New Directions for Organic Spintronics: Novel Materials and Emergent Phenomena

Organic and organic-based materials are attractive candidates for applications in magnetoelectronics and spintronics due to their low cost, ease of fabrication, and low spin-orbit coupling (and consequently long spin lifetimes). However, in comparison to the case for inorganic systems, robust intrinsic magnetic ordering in this class of materials is exceedingly rare and as a result the potential of these materials has yet to be fully realized. Here we present a series of recent breakthroughs in the synthesis, encapsulation, and measurement of organic-based magnets that lay the foundation for all organic magnetoelectronic and spintronic devices.
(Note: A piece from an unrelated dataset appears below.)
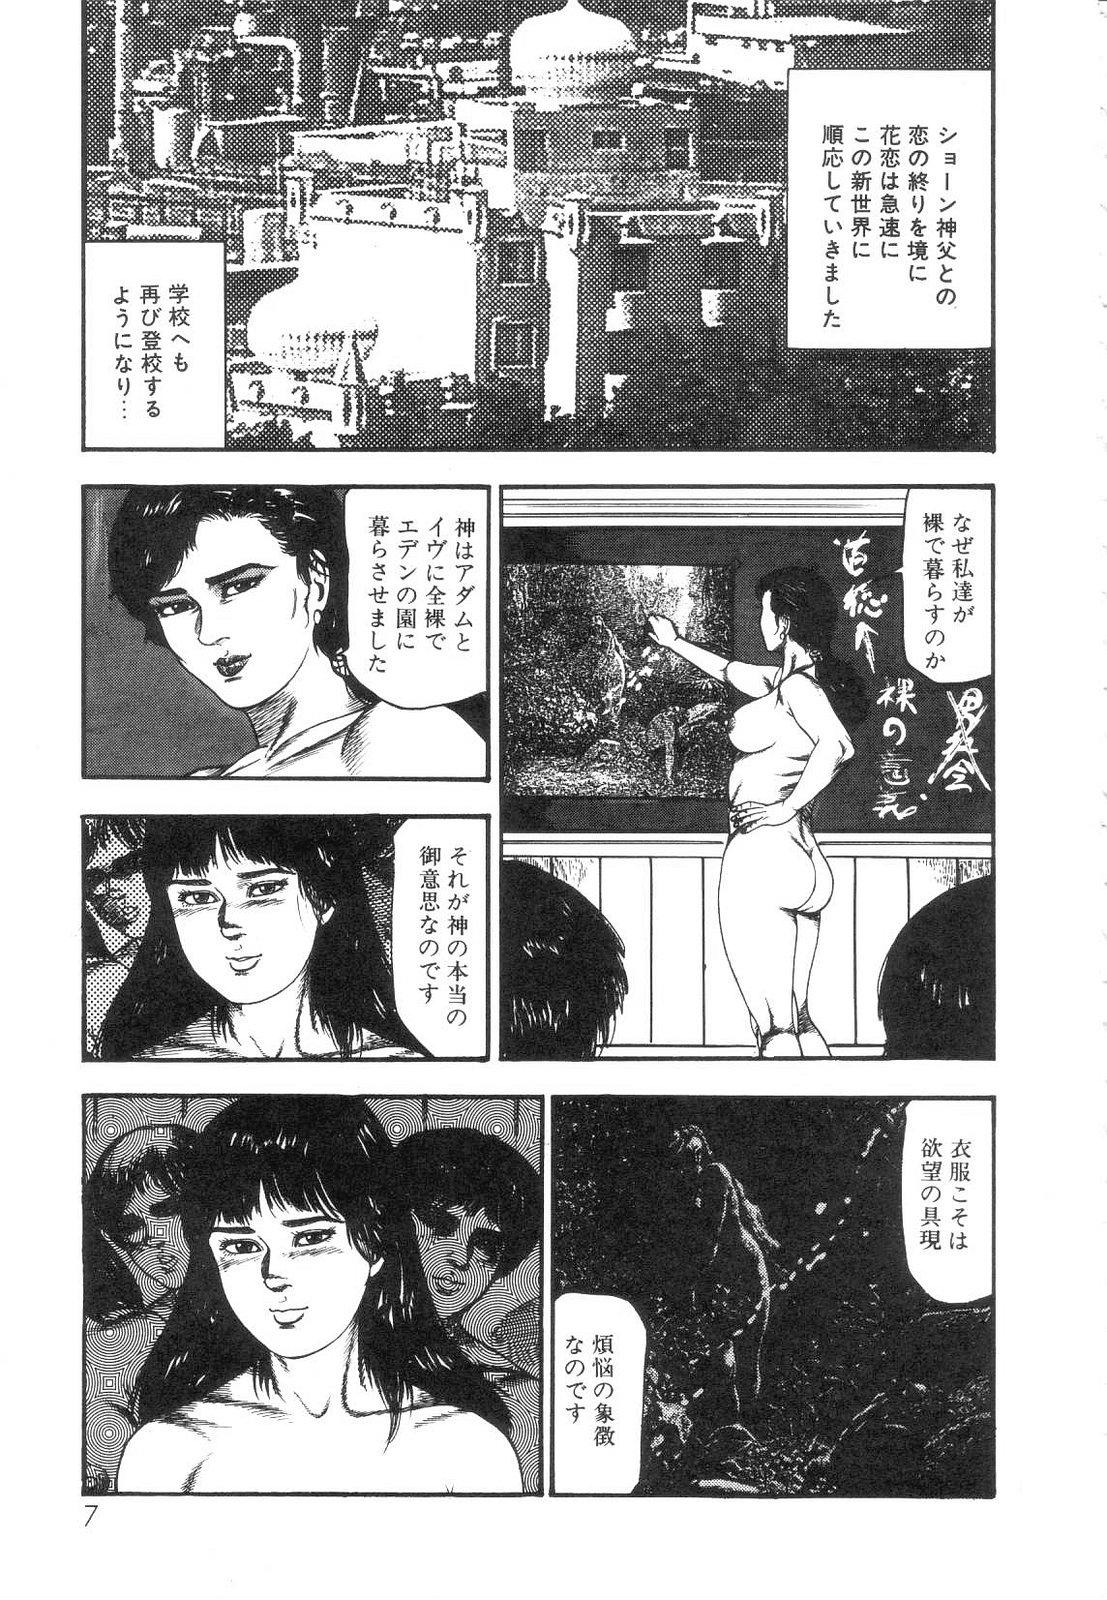 Shiro no Mokushiroku Vol. 5 - Ninshoujo Erika no Shou 8

We will discuss advances in encapsulation strategies that allow lifetimes of up to 1 month in air for functional magnetoelectronic devices, the use of ligand substitution to generate a library of related magnetic materials, the growth of all-organic and hybrid organic/inorganic magnetic heterostructures, and measurements of the magnetization dynamics that reveal ferromagnetic resonance (FMR) linewidths of \textasciitilde 1 G, comparable to or narrower than corresponding measurements in yttrium iron garnet (YIG). These results establish the validity of organic-based magnets for applications in next-generation magnetoelectronics and provide unique leverage on long-standing challenges in the field of organic spintronics. For example, organic magnetic heterostructures promise to provide an exciting opportunity to explore exchange, dynamic spin injection, and spin transport in all-organic spintronic devices.